Think Globally, Source Locally
I need to buy some vitamins.
There’s a pharmacy around the corner run by Claudia and Sofia and they are lovely, but my Portuguese is still limited and pharmacies are a little different here. The pricing is on the shelves and in some stores the price is above and sometimes below and that particular shop is so small that I feel I can’t just walk in—I’m going to need to buy something, even if it’s something I don’t want or need.
The prices are probably the same as the bigger pharmacies. Or near enough. But frankly, it’s hard comparing labels in Portuguese. It takes time and focus, something that’s a bit hard for me when I’m feeling self-conscious and intimidated in a store. Even the most welcoming of stores.
My friend em has no trouble walking up to a pharmacist in any country and talking symptoms and asking for recommendations. I will wander around for two hours rather than ask someone for directions. I will knowingly allow the Uber driver drop me off in the wrong spot without a word, tip in cash, and leave a five-star review. Until I know you, eye contact is extremely limited.

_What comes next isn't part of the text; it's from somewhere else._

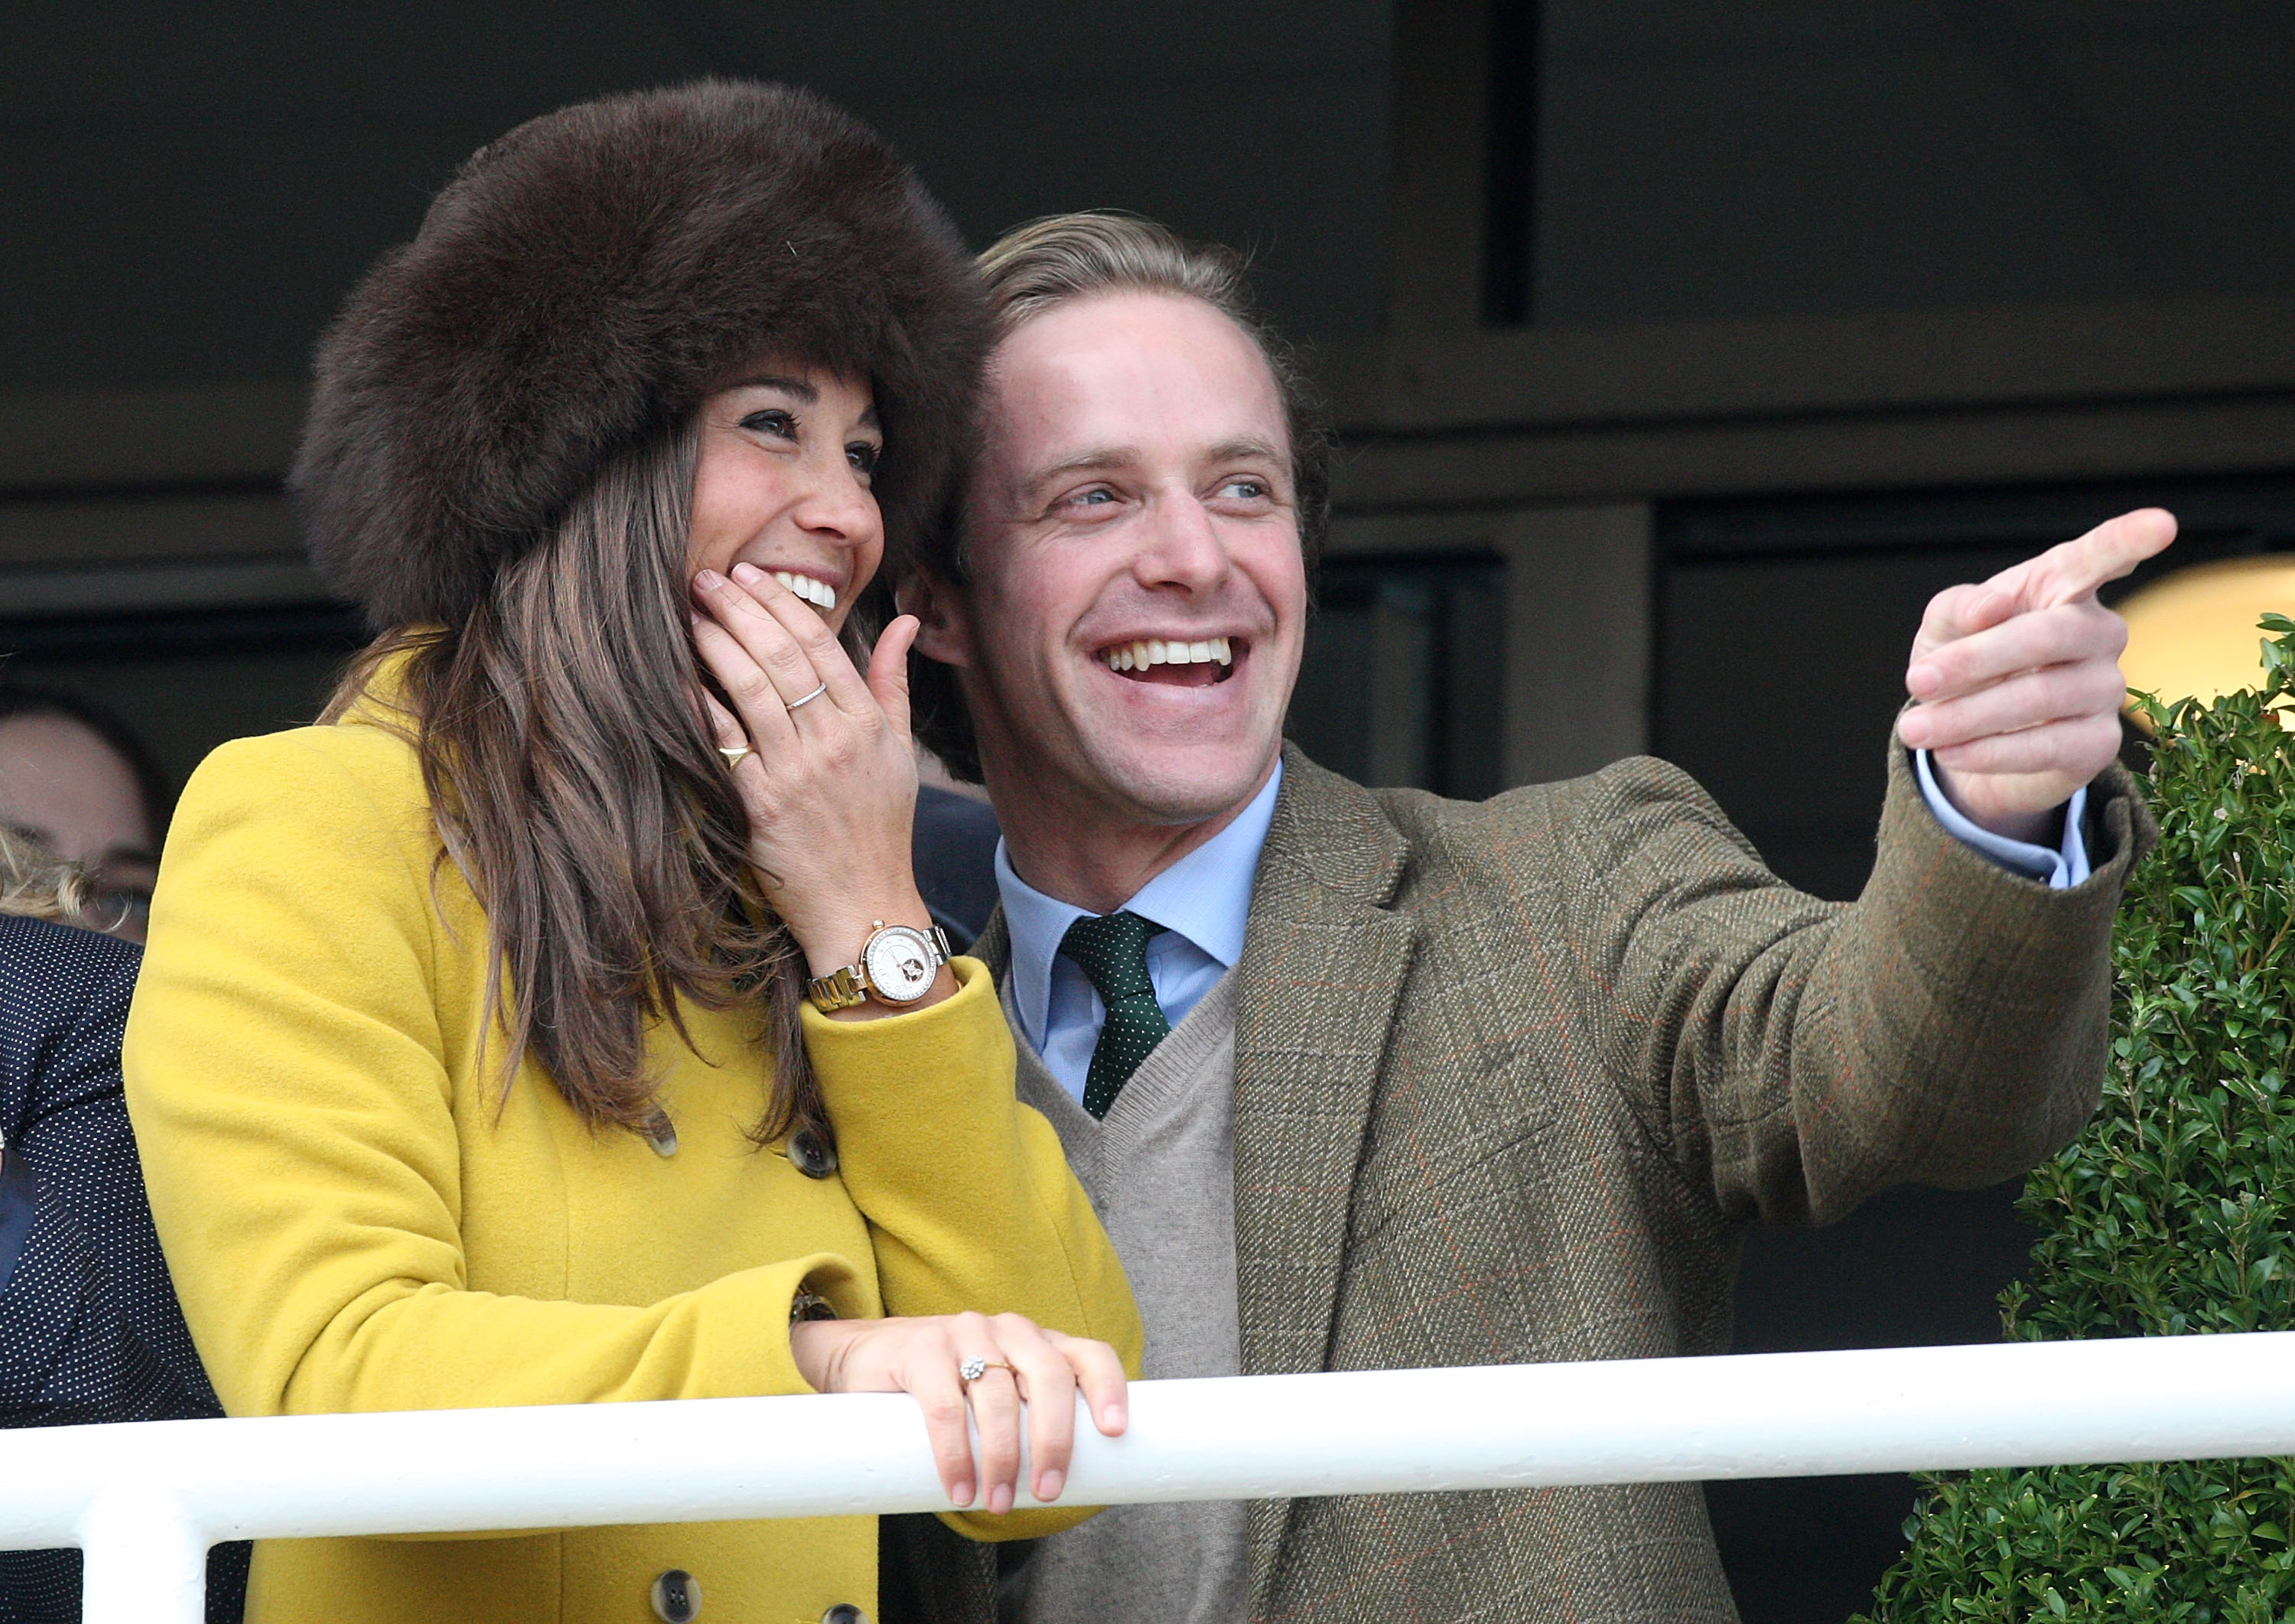 Pippa Middleton and Thomas Kingston at The Cheltenham Festival in Cheltenham, England on March 14, 2013 | Source: Getty Images

That’s just the way I roll.
On square wheels.
It’s easier for me to jump onto Amazon Spain, order what I need, and have it delivered to my door in a couple of days.
It’s a pattern that we expats fall into because it helps us avoid the discomfort of not knowing, of having to ask in our halting Portuguese or hope that the person we are asking speaks English. It is more convenient than trekking store to store in the hope of finding what we need, especially when success isn’t guaranteed.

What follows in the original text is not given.